Dataset extract
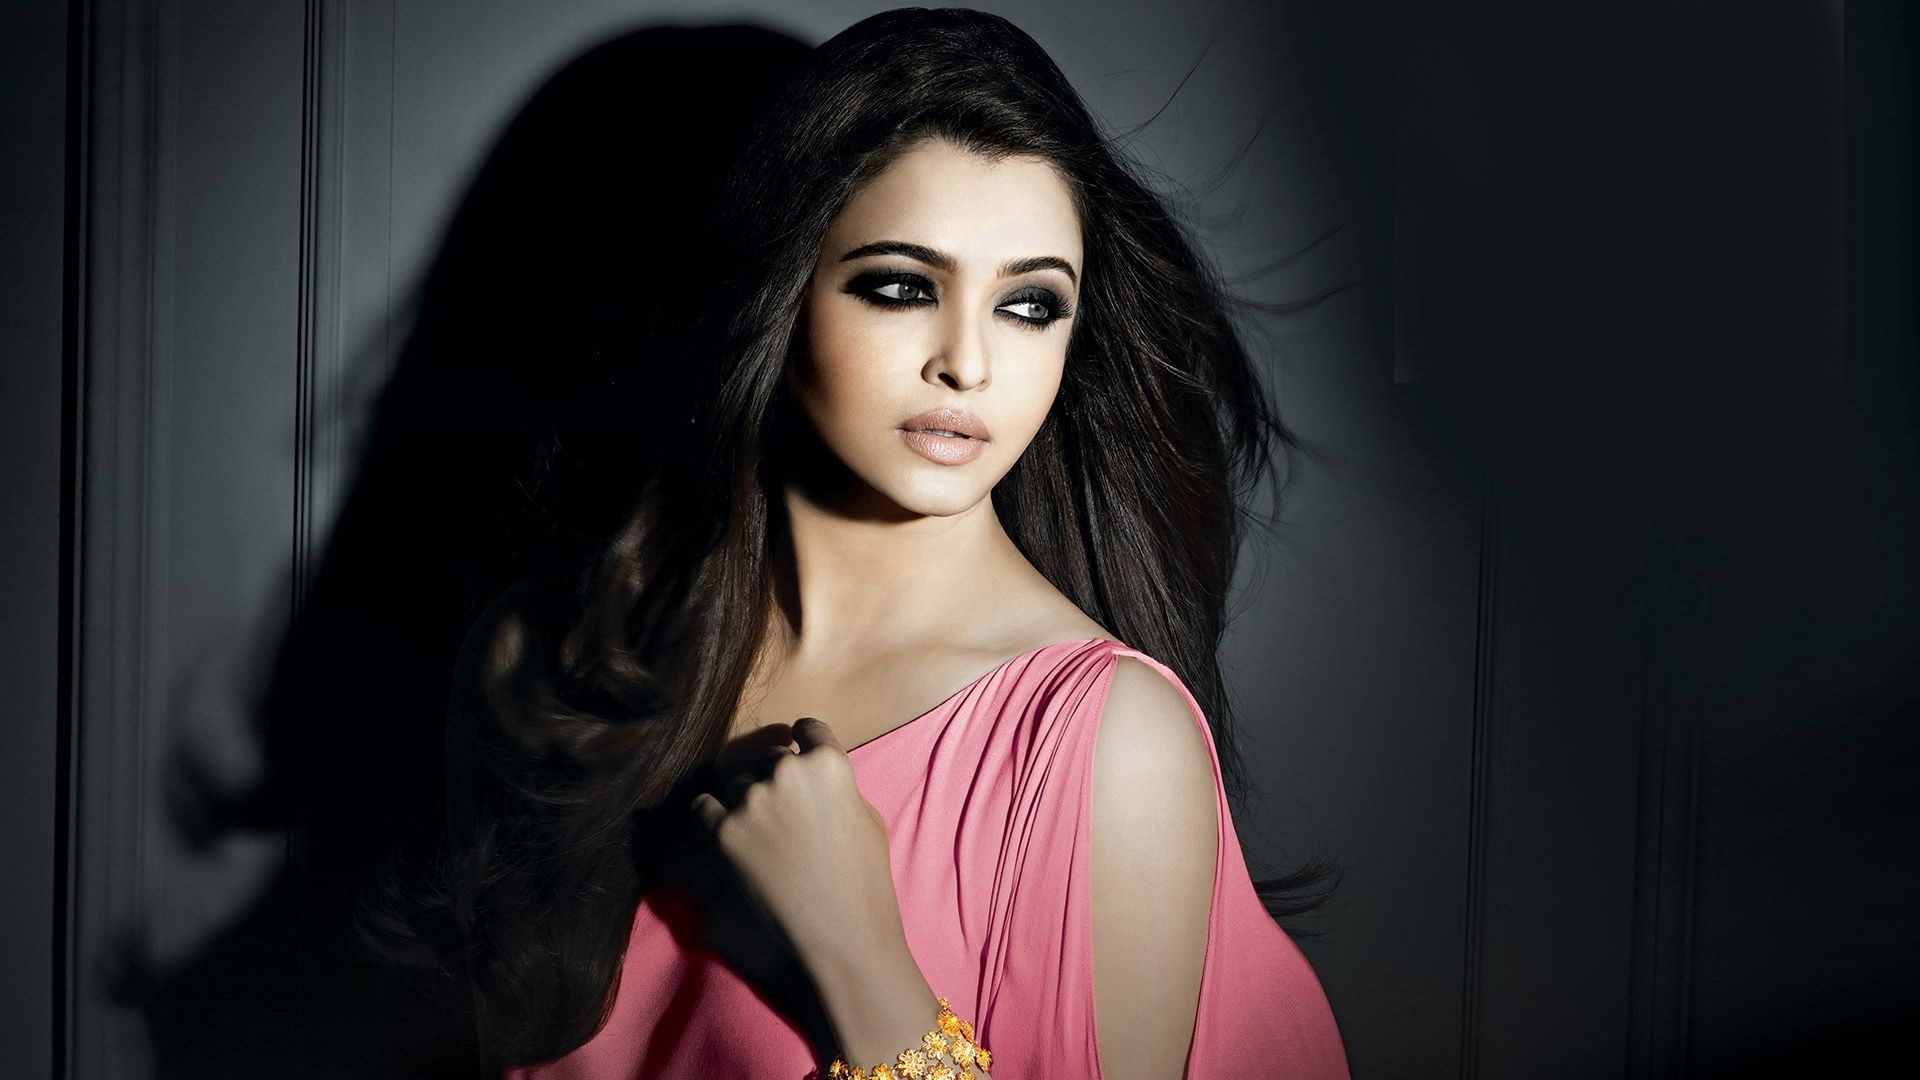 Indian Actress Aishwarya Rai
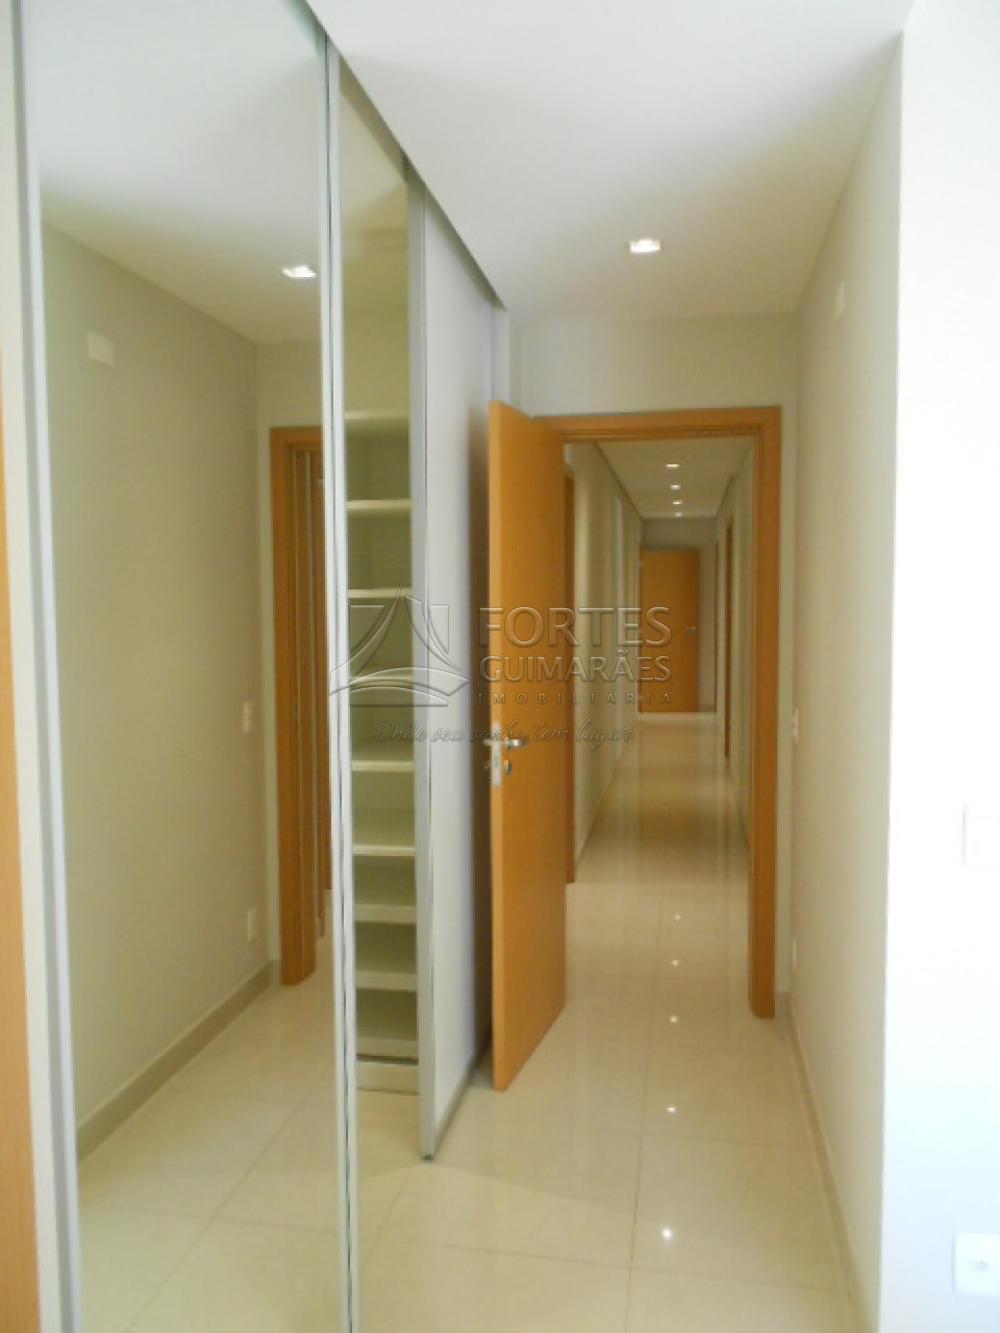 Alugar Apartamentos / Padrão em Ribeirão Preto apenas R$ 8.500,00 - Foto 46
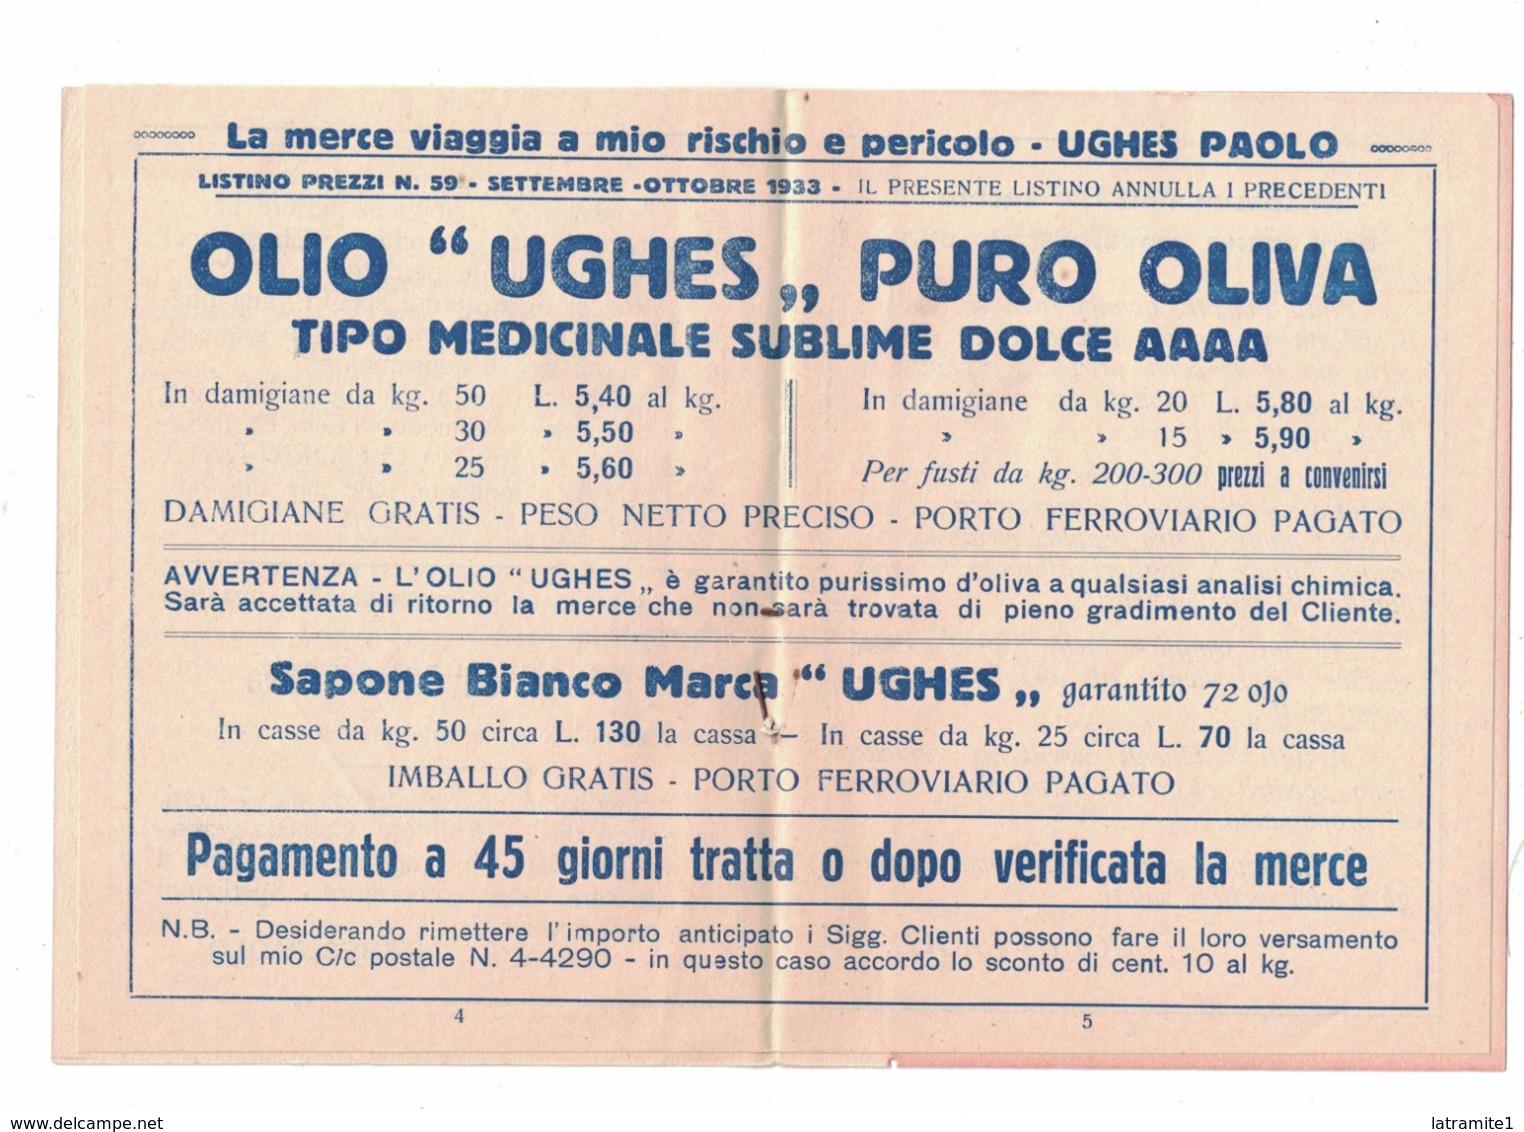 CARTOLINA POSTALE OLIO PURO D'OLIVA PAOLO UGHES  ONEGLIA Con Listino - Pubblicitari

Required action
First drop every picture, then print the data above exactly as it stands.

Answer for the task
 Indian Actress Aishwarya Rai
 Alugar Apartamentos / Padrão em Ribeirão Preto apenas R$ 8.500,00 - Foto 46
 CARTOLINA POSTALE OLIO PURO D'OLIVA PAOLO UGHES  ONEGLIA Con Listino - Pubblicitari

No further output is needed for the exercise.